I guess the film's main message is not just how dislocated society has become, but also how we never really know people, even people we have loved or shared our lives closely with. People have things they want us to know and things they don't want us to know. People have secrets and it seems Joyce may have had more than most. What's telling is the conflicting statements from the people that know here give in the film's many talking heads; She was someone who had no drive, she was someone who had a lot of ambition. She was someone with a great singing voice, Joyce couldn't sing. Even a spoken voice recording of Joyce draws conflicting responses with her first boyfriend Martin (who comes across as a genuinely likeable and loving man who will clearly be haunted forever by the loss of whom he admits was the 'love of his life') claiming the first half of the statement sounds like her, but the second doesn't. Whilst her work colleagues from her last role claim the second part of the statement captures the essence of Joyce.

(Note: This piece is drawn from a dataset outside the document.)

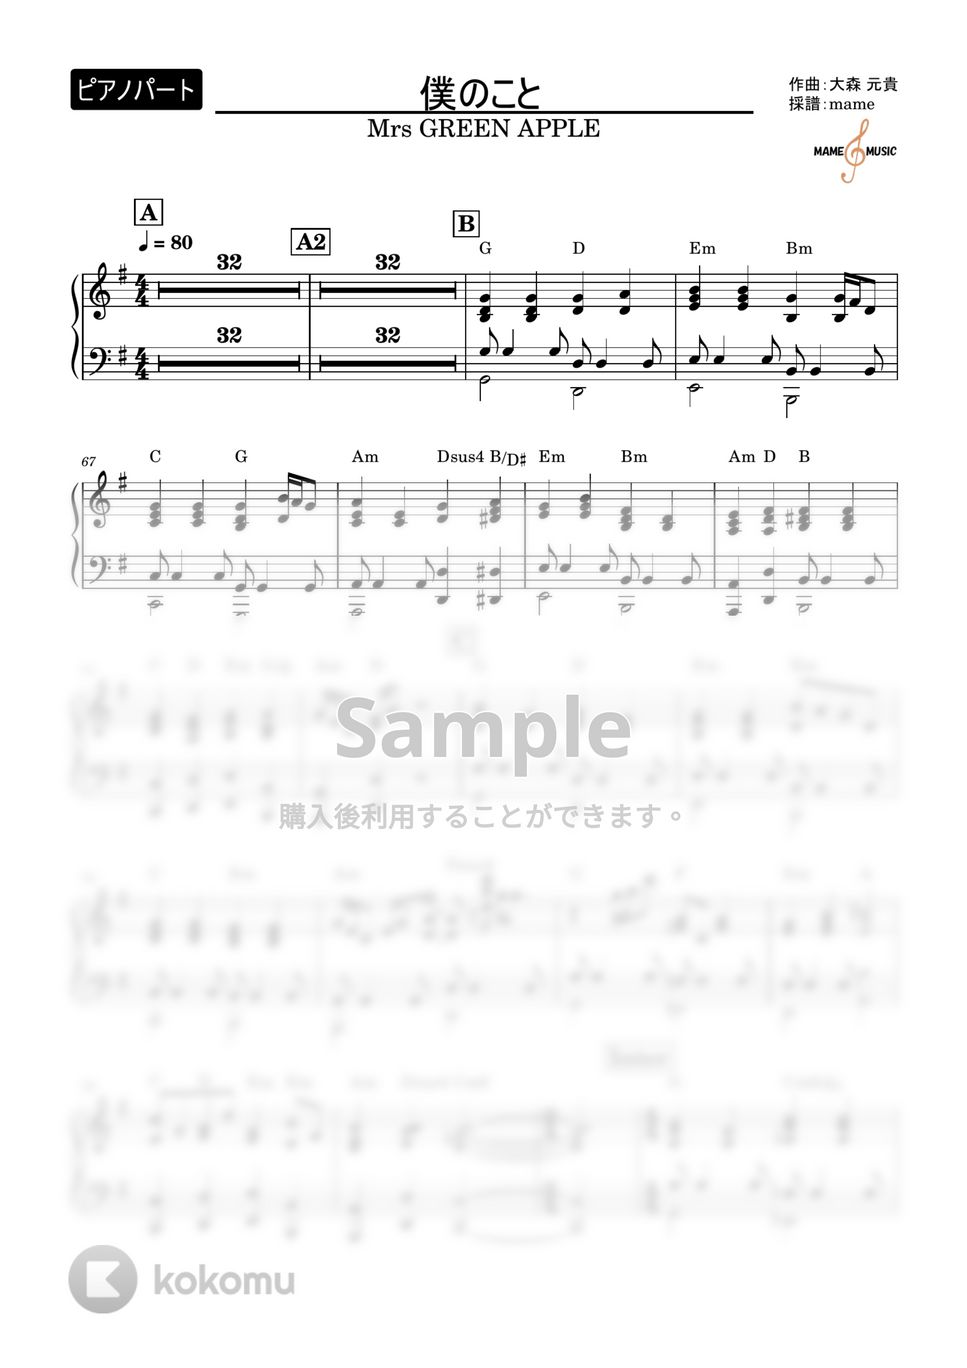 Mrs GREEN APPLE - 僕のこと (ピアノパート) by mame

As one person suggests, Joyce was a chameleon. And one can't help but think that we're all essentially like that, offering certain guises or sides of ourselves to whoever we are with at the time. The vast majority of the talking heads depict people who genuinely cared for Joyce and loved her, which makes the manner of her death all the more mystifying, saddening and frustrating. Only one of the interviewees, a black boyfriend called Alistair left me cold, primarily because he seemed to have a beef with Joyce's attitude towards her ethnicity, claiming in a roundabout way that she seemed to not want to be black, and that maybe if she was more true to herself she wouldn't have become so alienated. It's a rather simplistic statement and grossly unfair, and one I imagine that says a little more about his own opinions of ethnicity than it does of hers. It is Alistair who is the charmer that states Joyce couldn't sing, along with the claim that before she went out with him 'she had boyfriends, now she had a man' and that being with him was her 'living the dream', a dream she couldn't allow herself to have. Pass me the bucket!




The recreations that litter the film are handled very well by the aforementioned Zawe Ashton as Joyce, even though she has little more to do than look glam and beautiful or tired and weary, depending on the stages of Joyce's life. I did like some of the directorial touches such as Joyce's 21st, which sees Zawe in a party setting conversing and laughing around a table with no other actors. She is alone. It's a great metaphor for the ultimate isolation of Joyce's all too tragic life. 

I heartily recommend this one, a powerful documentary indeed.